EXERCISE REQUIREMENTS:
Output the data verbatim, minus the images.

INFORMATION SHOWN:
----
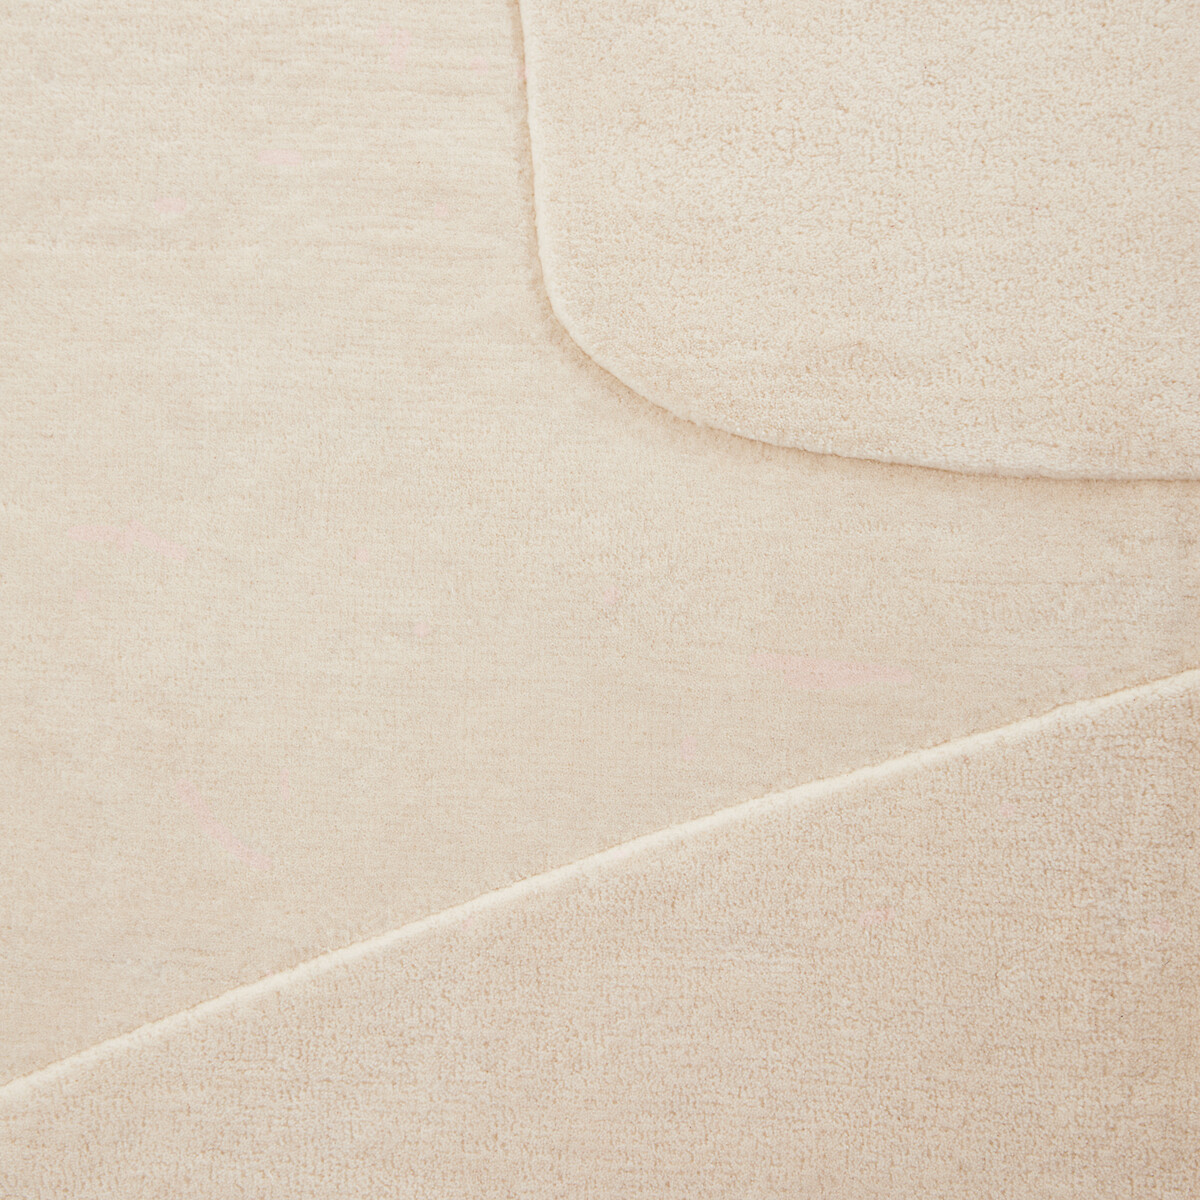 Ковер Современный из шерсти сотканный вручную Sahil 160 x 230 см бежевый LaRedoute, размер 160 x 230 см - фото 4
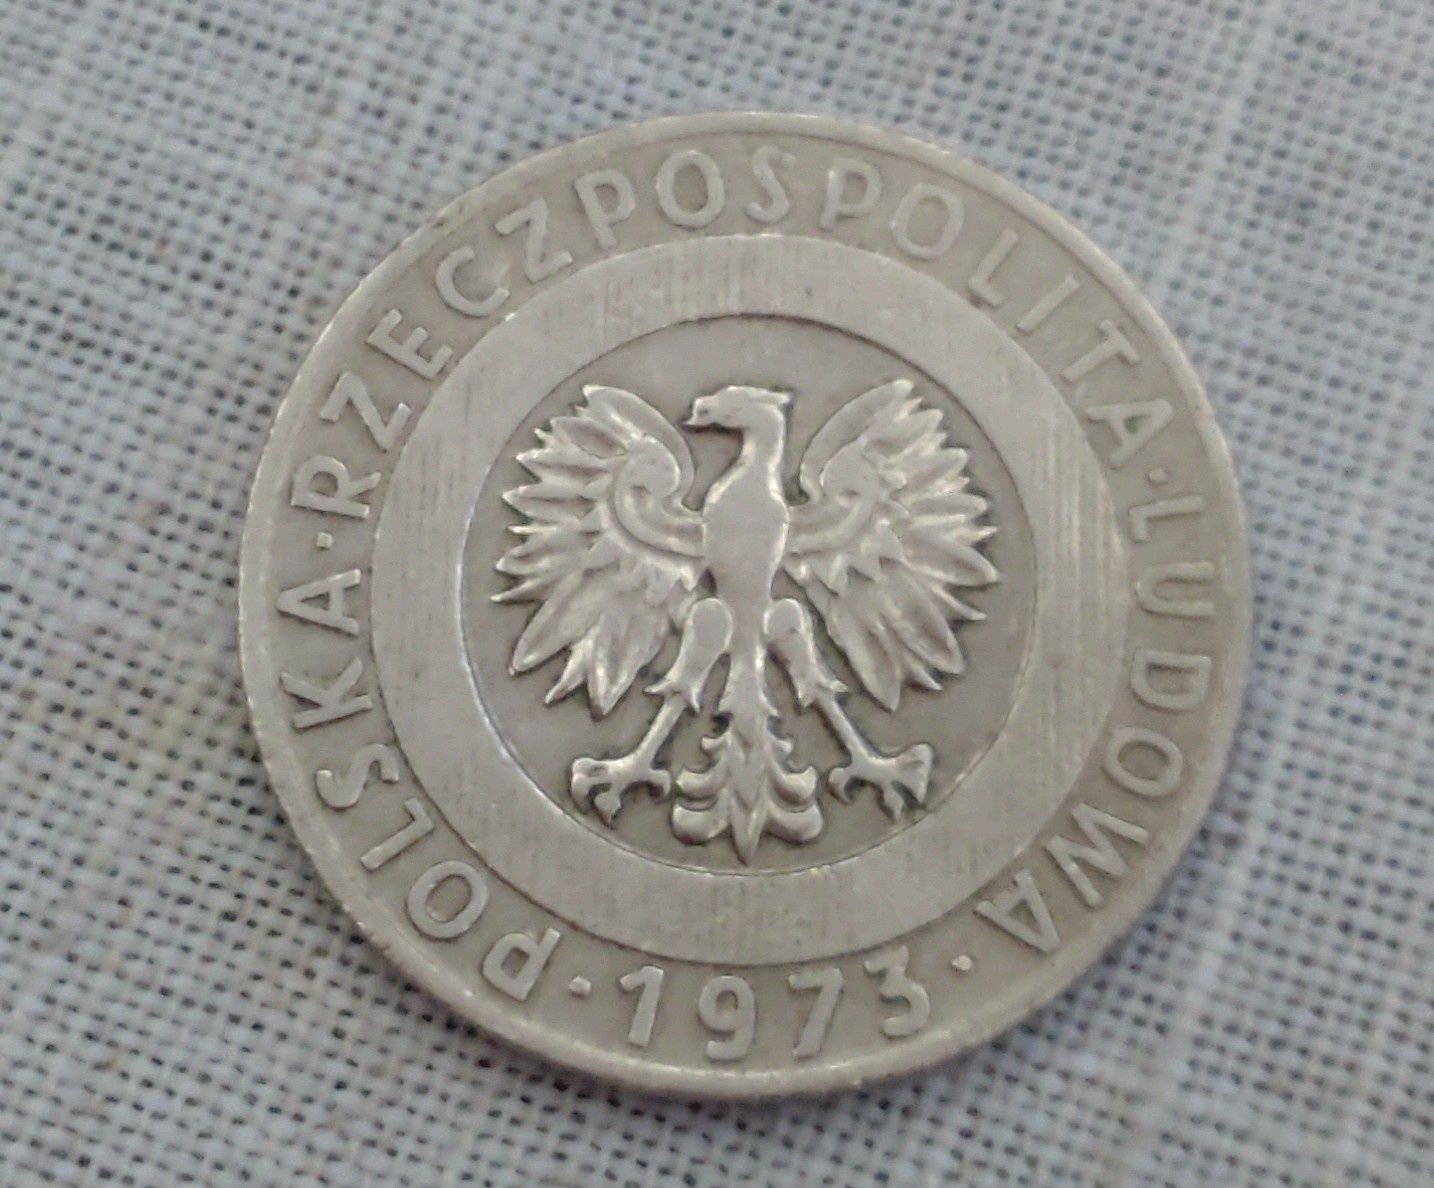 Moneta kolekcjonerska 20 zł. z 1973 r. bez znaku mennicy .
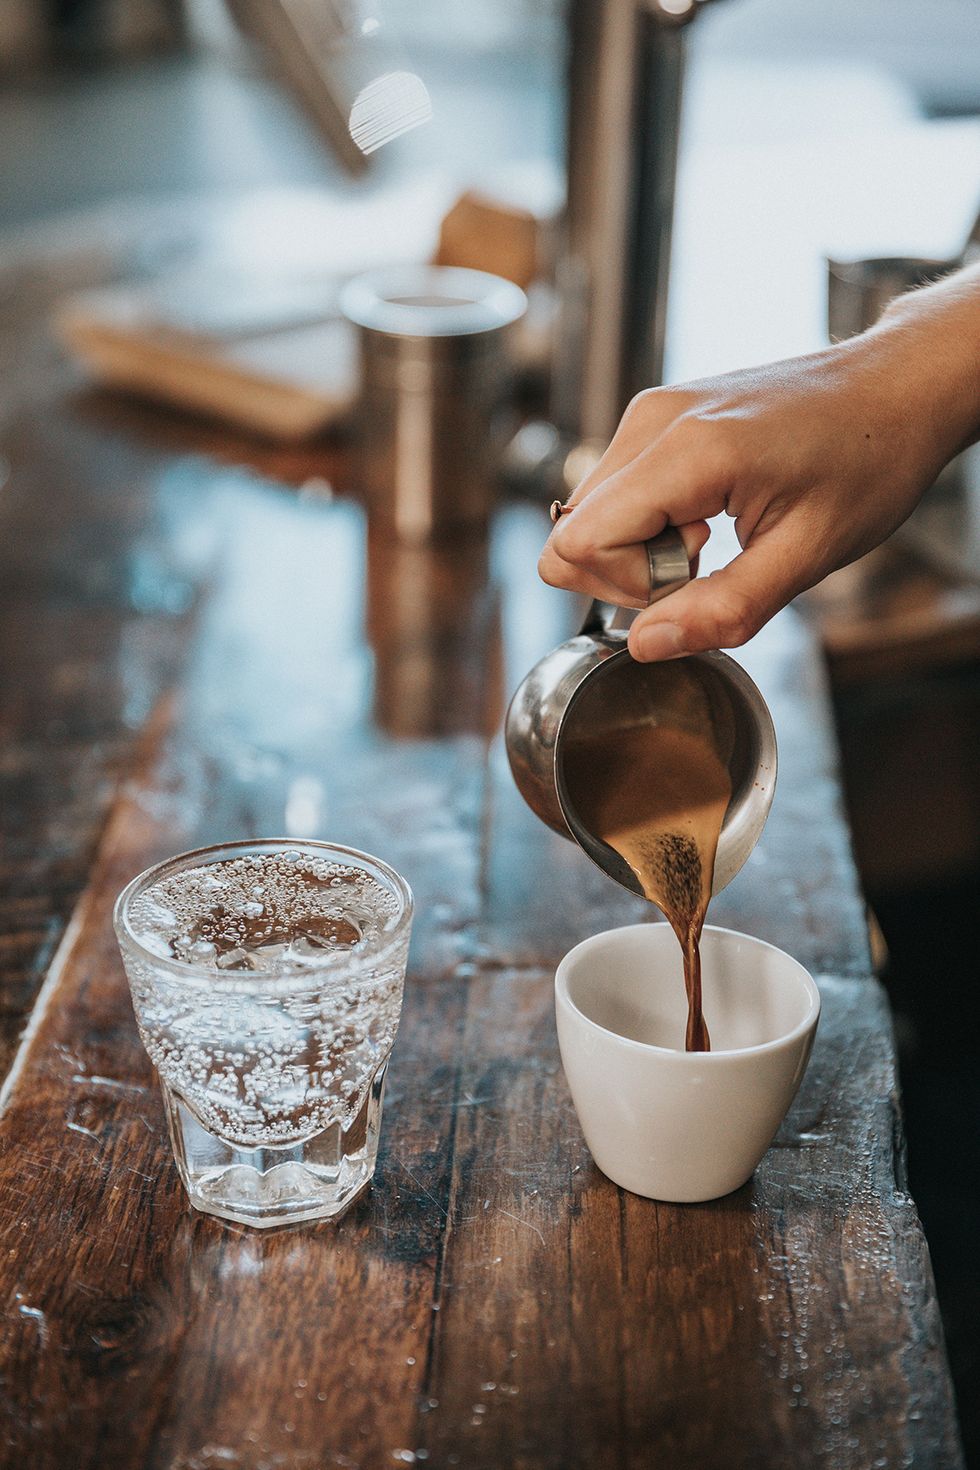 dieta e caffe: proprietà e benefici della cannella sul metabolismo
----
EXERCISE OUTPUT:
 Ковер Современный из шерсти сотканный вручную Sahil 160 x 230 см бежевый LaRedoute, размер 160 x 230 см - фото 4
 Moneta kolekcjonerska 20 zł. z 1973 r. bez znaku mennicy .
 dieta e caffe: proprietà e benefici della cannella sul metabolismo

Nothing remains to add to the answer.